Wondering if I wanted it to be.

I exhaled slow, and then there was a giant, creaking groan, and a gush of putrid … 
sludge
, that was really the best word for it, a brownish
sludge
that came streaming down in heavy chunks, filthy rainfall that was halfway between a liquid and a solid, really.

Whatever it was, it definitely wasn’t
blood
—blood wasn’t thick and clotted that way, I knew, not when it was running fresh—but this
was
repulsive. Completely disgusting, like last night’s leftovers run through the garbage disposal, taking a brief curtain call on their way to the town’s sewer system.

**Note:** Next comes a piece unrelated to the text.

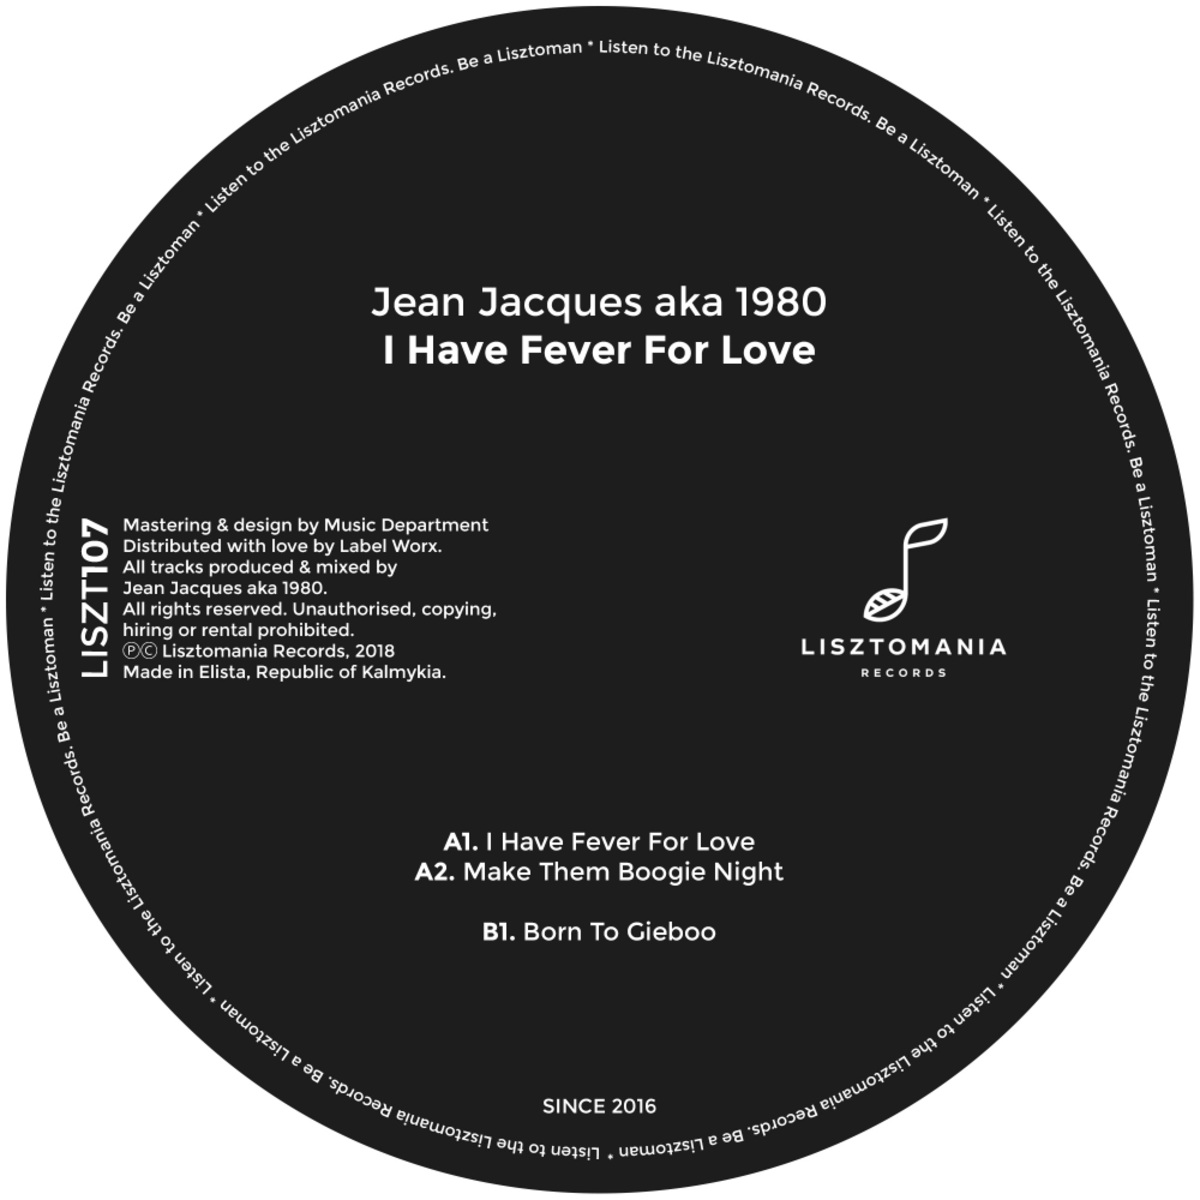 Jean Jacques aka 1980 - I Have Fever For Love / Lisztomania Records

My stomach hitched, and I closed my eyes, trying not to react. Whatever was coming out of that tap was nasty, for sure, but it wasn’t
blood
, and I’d be damned if I was going to feed Abel’s little freak-out.

But … that
smell …
it was awful. That image of trash collecting in a drain came back to me, and I shuddered, my stomach flipping over again. The taste of blood was gone from my mouth and I actually wanted it back just then, like truly wished for it, is how bad whatever was coming out of the sink was.

All of a sudden, that image came back to me—a shotgun again, like the one I saw in that creepy half vision, half dream that first night. The one that appeared with the banging of the boathouse door, I mean. There wasn’t any banging in the bathroom—there wasn’t any sound except for pipes creaking and Abel bawling and the hiccupping gushes belching from the faucet—but I saw that shotgun just the same, and caught a whiff of gunpowder under all the stinking rot filling up the room. I pressed the heels of my palms against my eyes, but it didn’t make the image go away.

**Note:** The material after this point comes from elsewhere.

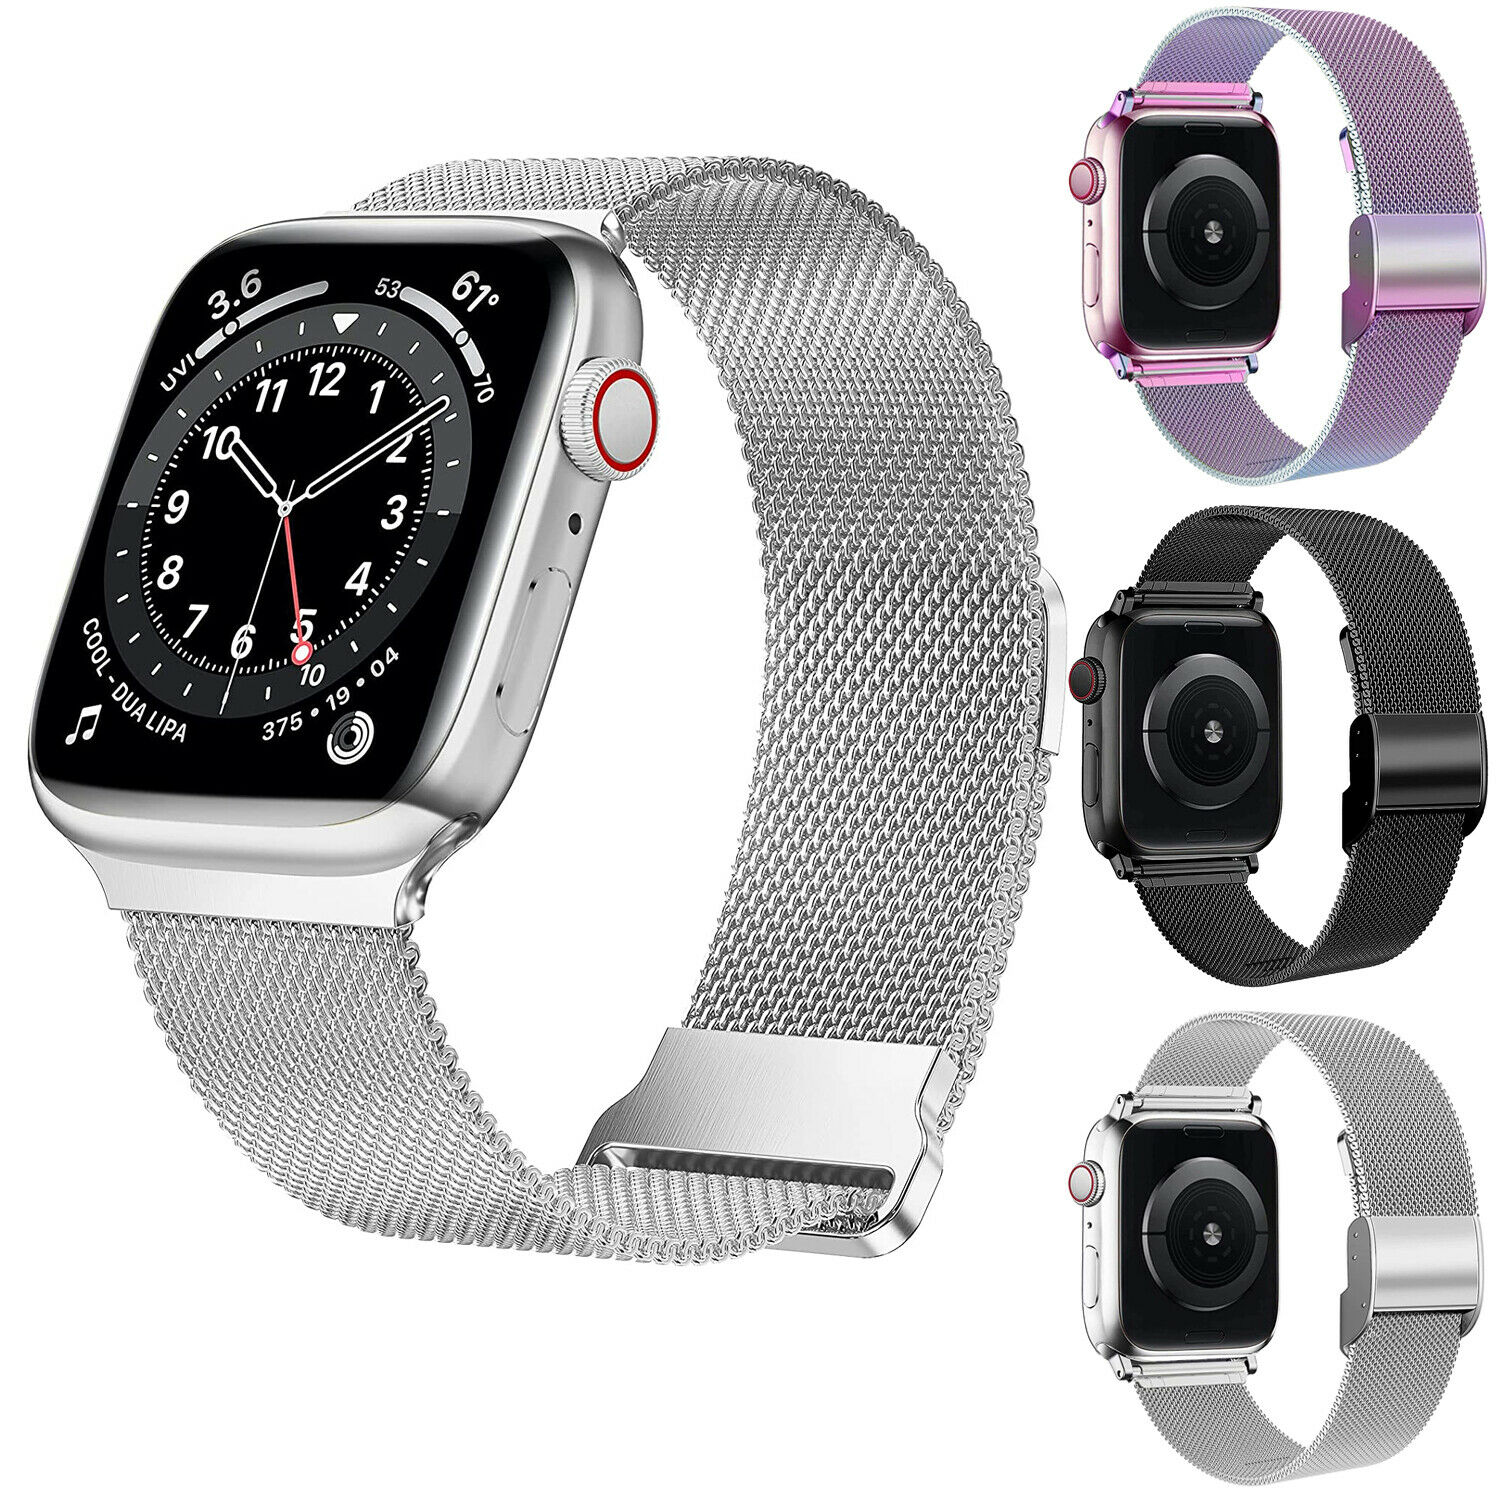 Apple Watch Bands For Women, Apple Watch Bands For Men

“See?” Abel tugged at the hem of my shorts. “See what I mean? It’s
blood
.”

Oh, I saw all right. It wasn’t blood, but it was
awful
, reeking of decay and dripping with … I didn’t even want to guess. I could see it clear as I could see my own hand in front of my face. Clear as I’d seen that shriveled, stripped-down corpse—
because, yeah, let’s just say it, that’s what it was, what I saw
—in the window that first night.

But it still wasn’t blood. And I couldn’t let Abel know how, whatever it
was
, it was making me want to crawl right out of my skin. I was having another
overreaction
, and I couldn’t let it show.

We had to get out of that room. The stink was making me swoon.

“It’s not blood, Abel.” A fresh wave of dizziness hit me as I forced the words out. “I told you. It’s an old house; the plumbing is funky. Probably the pipes are half rotted out—” I tripped on that word
rotted
, because, man, that was exactly what the room smelled like.

“That’s probably why we could even afford this place. Why it was so cheap. I bet the pipes are nothing but mold and rust.” And, man, oh man, why did that image make me think of a human being, a human body, all blood and guts, veins and insides? Why did it make me think of that yawning mouth, those eyeless sockets, all peering out at me from the window?